Por enésima vez afirma la Escritura que el don de la fe no está vinculado a ningún pueblo o situación, “la palabra de Dios no está encadenada” (Segunda lectura: 2 Tim 2, 8-13); nada puede impedirle florecer en los corazones más extraños al mundo de los creyentes y suscitar en ellos la fe. Pero san Pablo habla también de otro deber de la vida de la fe: considerar el sufrimiento, especialmente el que se deriva de la fidelidad a Cristo, no como algo hostil, sino como una gloria y un medio seguro de entrar en la órbita de la salvación. “Esta es doctrina segura: si morimos con él, viviremos con él; si perseveramos, reinaremos con él” (ib 11-12).


“Cantad al Señor un cántico nuevo, porque ha hecho maravillas. Su diestra le ha dado la victoria, su santo brazo. El Señor da a conocer su misericordia y su fidelidad a favor de la casa de Israel. Los confines de la tierra han contemplado la victoria de nuestro Dios. Aclamad al Señor, tierra entera, gritad, vitoread, tocad” (Salmo 97, 1-4).

“Con aquel que sufría terriblemente en el cuerpo a causa de la lepra, yo te suplico por la angustia de mi alma…: ‘Señor, si tú quieres, puedes curarme’. Con los ciegos afligidos por su ceguera en una noche perpetua, levanto mi grito de lamento. Yo no te llamo ‘hijo de David’, sino te proclamo ‘hijo de Dios’, que es el ser supremo. No sólo te llamo Maestro…, sino creo que tú eres el Señor del cielo y de la tierra. No sólo tengo fe en el toque de tu mano, oh Dios misericordioso y vecino, sino creo en el poder de tu palabra para sanarme, aunque estuviese lejos, muy lejos… Tú lo quieres porque eres compasivo y lo puedes porque eres creador: di solamente una palabra y seré curado…

Concédeme… la condonación de mis grandes deudas, oh Dios de bondad y Señor de la bienaventuranza.
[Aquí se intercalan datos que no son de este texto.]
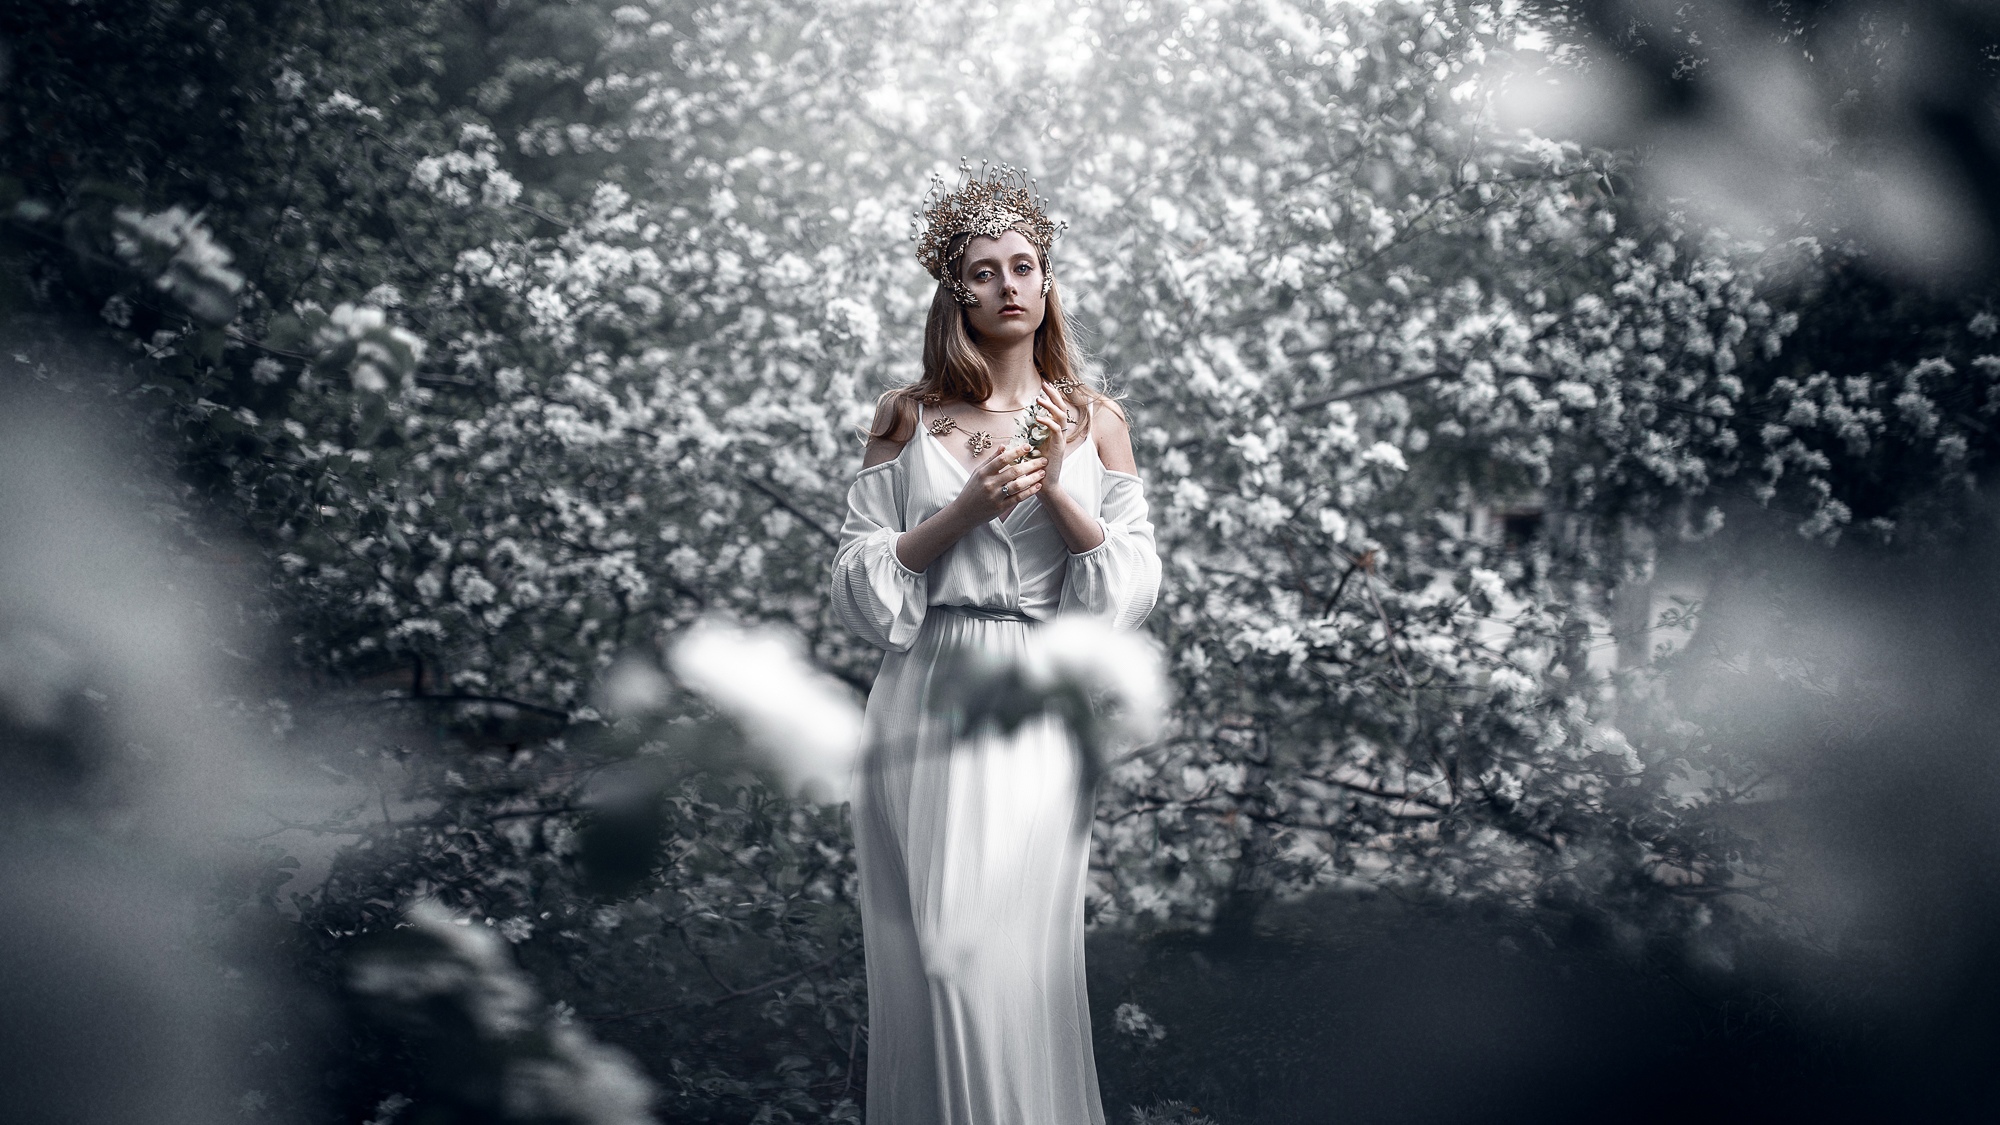 Sonja Lebedewa Women Model Plants Dress White Dress Fantasy Girl Standing Looking At Viewer 2000x1125

Cuando mayor es tu liberalidad, más glorificado eres; cuando más magnánima es tu munificencia, más amado eres, cuanto de más misericordia usas, más gloria obtienes… Usa de otra tanta misericordia, conmigo que soy deudor de deudas incalculables, para que, proclamando con reconocimiento tus beneficios, mi amor se exprese con no menos intensidad. En todo sea para ti la gloria” (San Gregorio de Narek, Le livre de prières, 121-123).


Esta reflexión dominical es parte de “Intimidad Divina”, que es un libro de meditaciones sobre la vida interior para todos los días del año, todo un clásico, cuyo autor es el P. Gabriel de Santa María Magdalena, carmelita descalzo, (1893-1953), uno de los grandes maestros espirituales del siglo XX. Estas meditaciones que presento cada domingo, sean un sentido homenaje y el sincero empeño de darlo a conocer a las nuevas generaciones de cristianos.